The results that we obtain differ a little from the ones obtained by the authors in Table 3. Here, the error for SVMt, AUX and TrAdaBoost is smaller but the error of SVM is higher. Moreover, the error of SVMt is much lower than the corresponding error computed by the authors.

20 NewsGroup

Dataset description The 20 NewsGroup data set comprises around 18000 newsgroups posts on 20 main topics, whith some topics divided in subcategories.

Experiment description For the TrAdaBoost experiment, according to the authors: >We define the tasks as top-category classification problems. When we split the data to generate diff-distribution (source) and same-distribution (target) sets, the data are split based on subcategories instead of based on random splitting. Then, the two data sets contain data in different subcategories. Their distributions also differ as a result. > – Boosting for Transfer Learning (2007)

The authors do not precise which categories have been selected whithin each domain. We try to impute them based on the number of instances in each domain given by the authors in Table 1.

[6]:
from sklearn.datasets import fetch_20newsgroups

# Set download_if_missing to True if not downloaded yet
data = fetch_20newsgroups(download_if_missing=False, subset="all")

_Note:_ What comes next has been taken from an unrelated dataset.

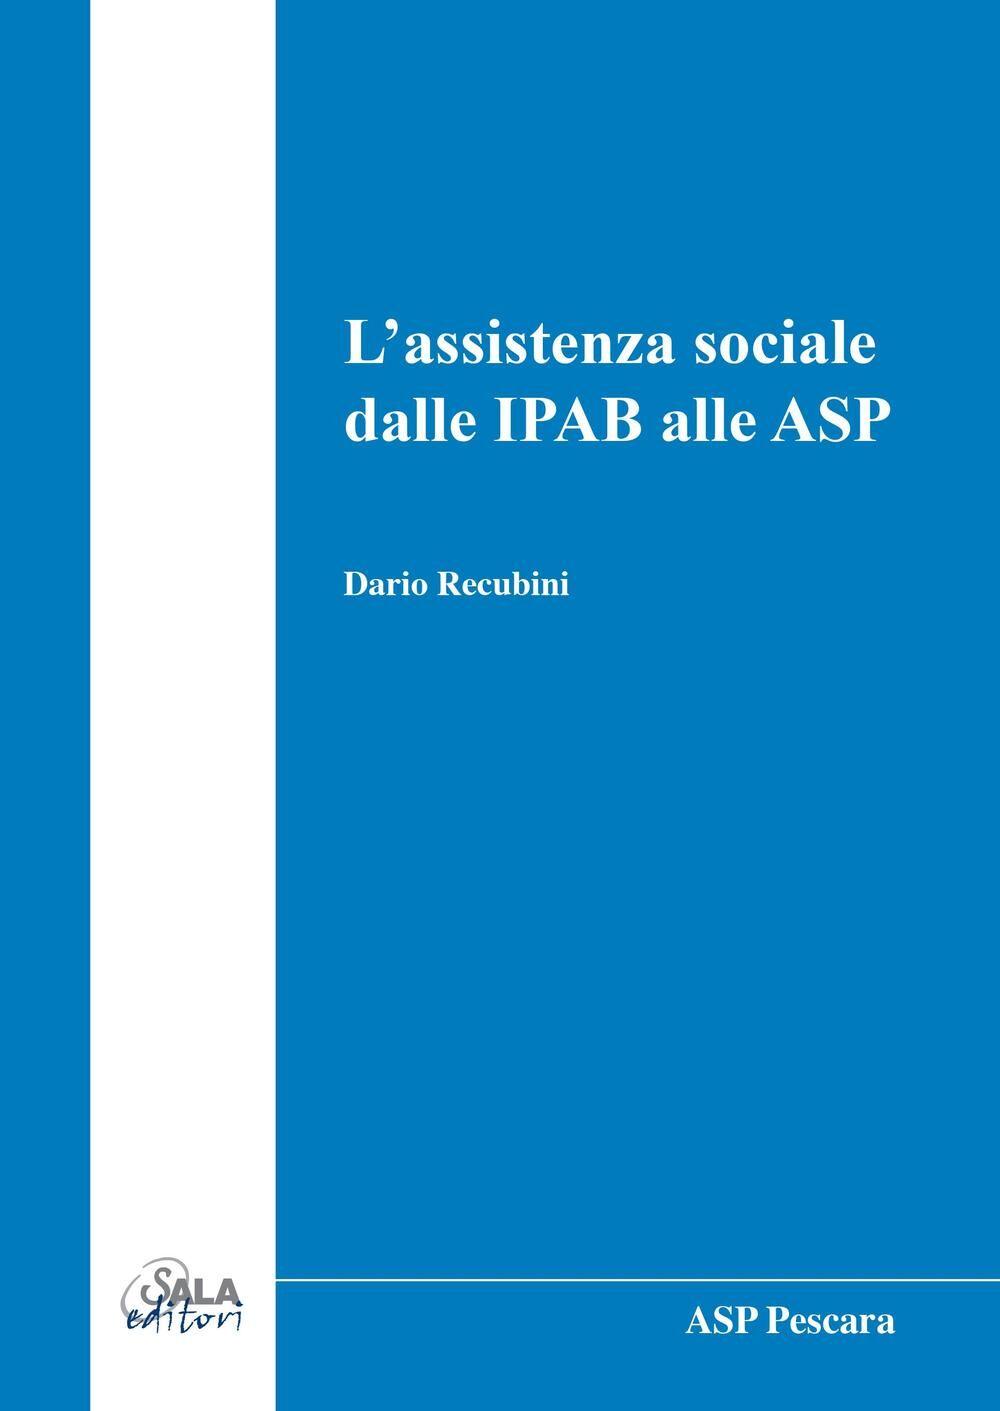 L' assistenza sociale dalle IPAB alle ASP
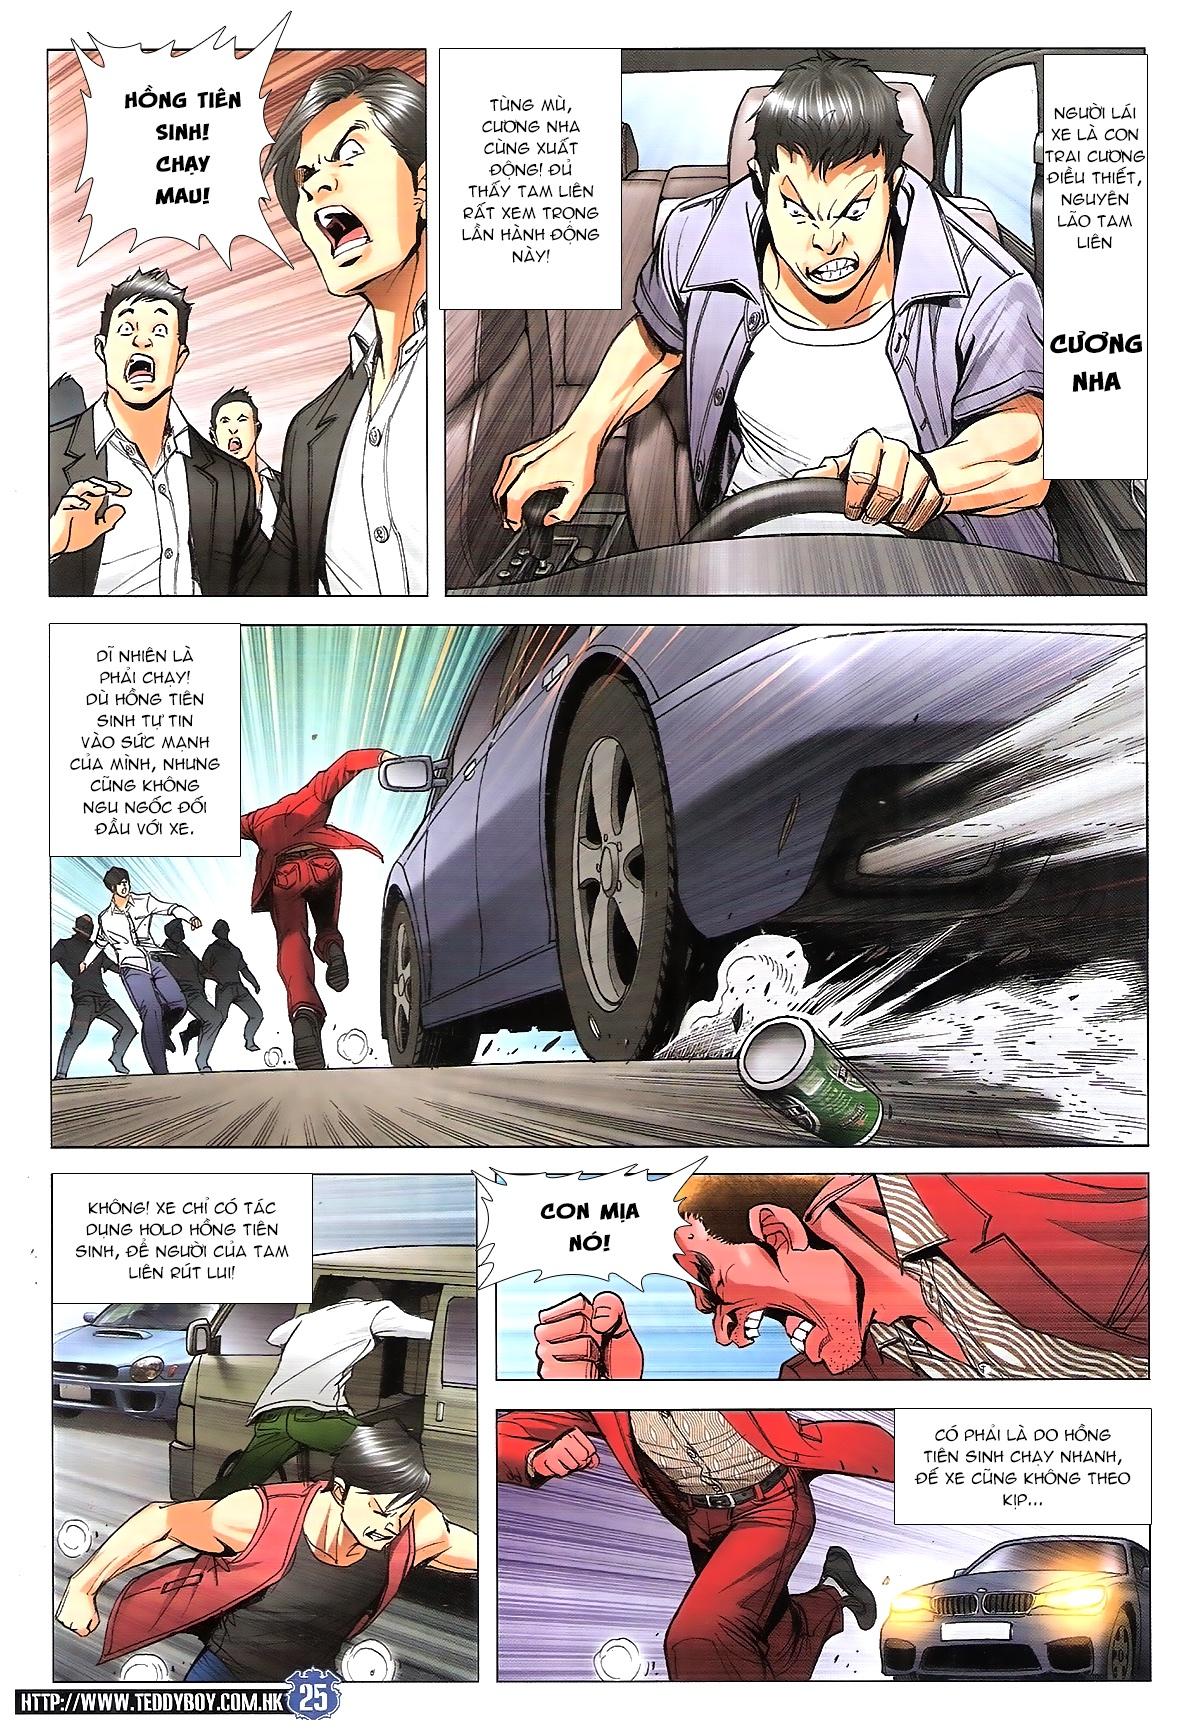 Người Trong Giang Hồ chapter 1807: hồng tiên sinh trang 24

source_rec = ['rec.autos', 'rec.motorcycles']
target_rec = ['rec.sport.baseball', 'rec.sport.hockey']
source_sci = ['sci.crypt', 'sci.electronics']
target_sci = ['sci.med', 'sci.space']
source_talk = ['talk.politics.guns', 'talk.politics.mideast']
target_talk = ['talk.politics.misc', 'talk.religion.misc']

The author do not precise which preprocessing is applied on the data, so we use the default preprocessing of scikit-learn: TfidfVectorizer

[17]:
from sklearn.feature_extraction.text import TfidfVectorizer

vectorizer = TfidfVectorizer(stop_words="english",
                                 analyzer="word",
                                 min_df=5,
                                 max_df=0.1)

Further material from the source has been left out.